Ada Hegerberg has become the first recipient of the women’s Ballon d’Or – the highest honour in football. But her achievement was marred somewhat when the award ceremony’s host, DJ Martin Solveig, asked her at the very moment she collected the trophy if she knew “how to twerk”. Hegerberg said a firm “no” and walked off stage.

The stunned reaction of some audience members has been described as “straight to GIF.” Solveig apologised and Hegerberg – an object lesson in graciousness throughout – was understanding.

Twitter was less lenient and erupted in righteous anger. Solveig must have wondered if he had any sort of a career left.

In an excellent piece in The Guardian Marina Hyde pointed out that Solveig’s apology fell under what she called the “this-is-not-who-I-am defence.”

The phrase seems to be a close cousin of the “misunderstanding” and “quoted out of context.” Not forgetting their embarrassing uncle “only banter.”

As Hyde writes: “[It] gets a lot of run-outs these days, as camera-phones catch non-racist people being racist on buses, non-homophobic people screaming abuse at gay people outside a nightclub, or any of the other variants that increasingly adorn the age. The point is: this is not who they are.

Very occasionally, the person saying the thing is saying it on a stage, in front of a large audience and multiple television cameras and is deploying remarks they have worked out in advance. But this, too, is not who those people are.”

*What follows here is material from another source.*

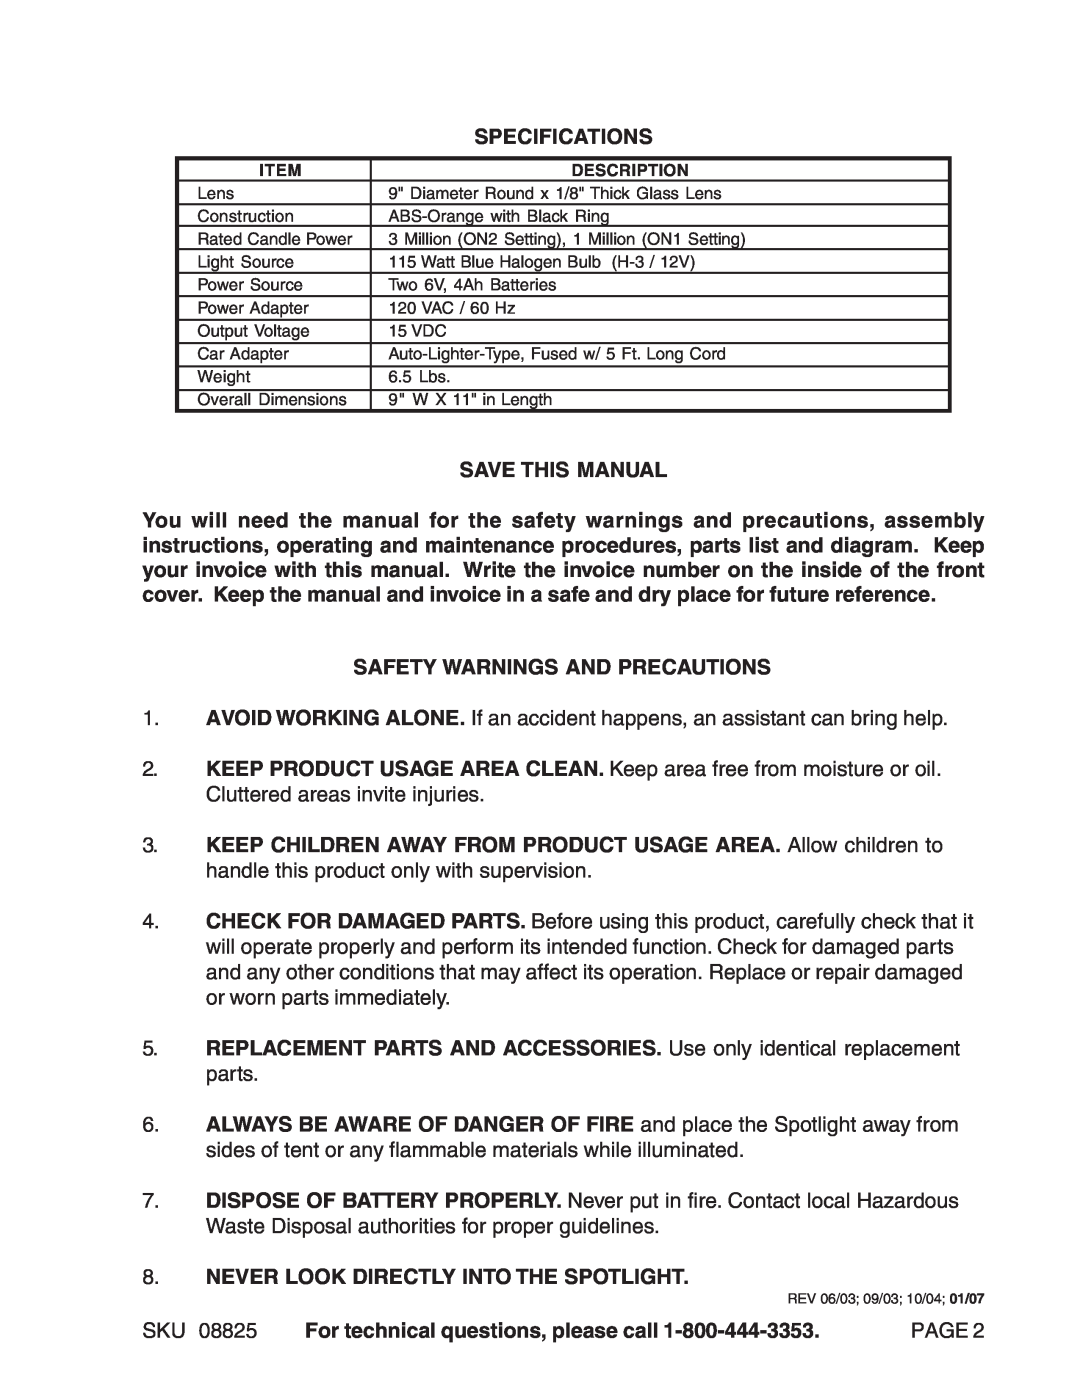 Harbor Freight Tools 08825 manual Specifications, Save This Manual, Safety Warnings And Precautions 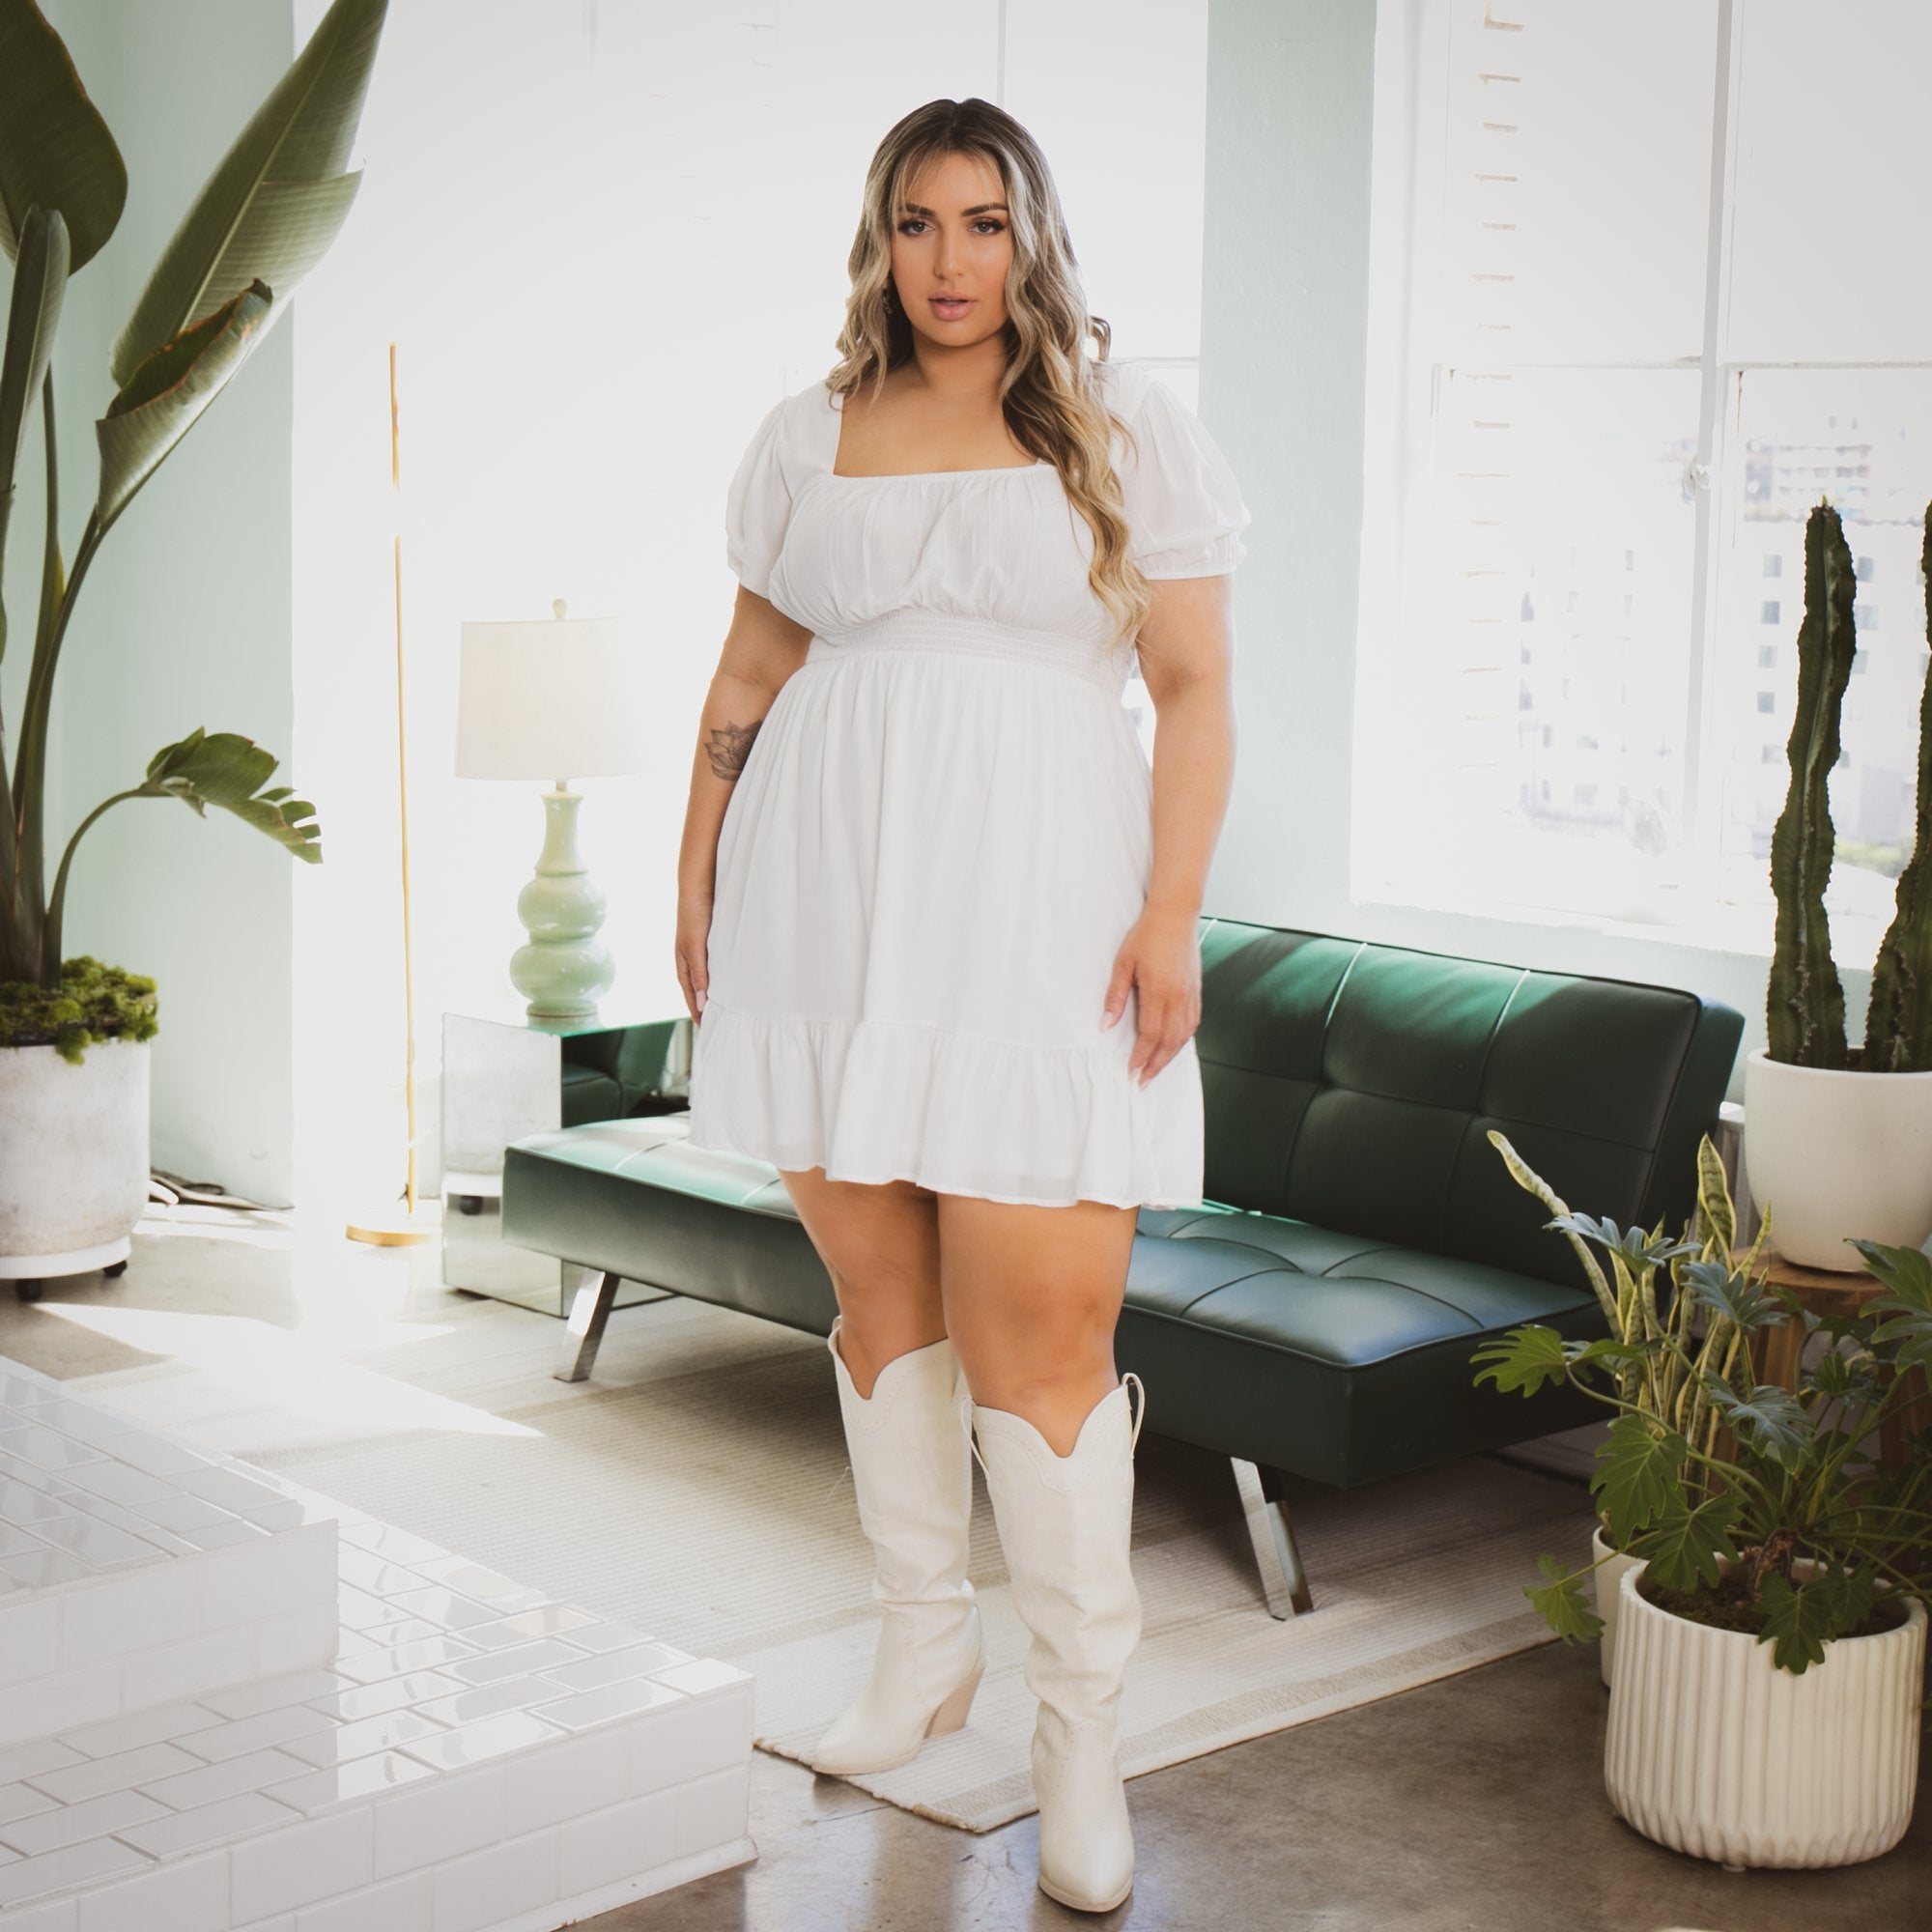 Curvy Sense - The sexy  Faux Leather Peplum Dress  is back in town. Only  $30 at curvysense.com. . Use code: PARTY15 for 15% off . . .  #plussizefashion #plussize #plus #

Now, back to the defence: Solveig had also asked the male winner Luka Modric to dance. If he’d asked Hegerberg if she could waltz say, I don’t think it would have even caused a ripple. He says it was a language problem – he seems to be arguing that he didn’t realise the very sexual nature of the “twerk.”

I’d be useless on a jury. But in this month of goodwill to all men, shall we give him the benefit of the doubt? And reflect that possibly more important, and more “this is definitely what football is,” could be the fact that the Ballon d’Or has been presented since 1956 and it’s only this year that anyone thought to introduce a women’s award.

One Comment

    Eugene Murray

    Yep..
    A ‘twerp’ is right!
    Perhaps if we remembered the women’s England team touring USA in the early part of the last century?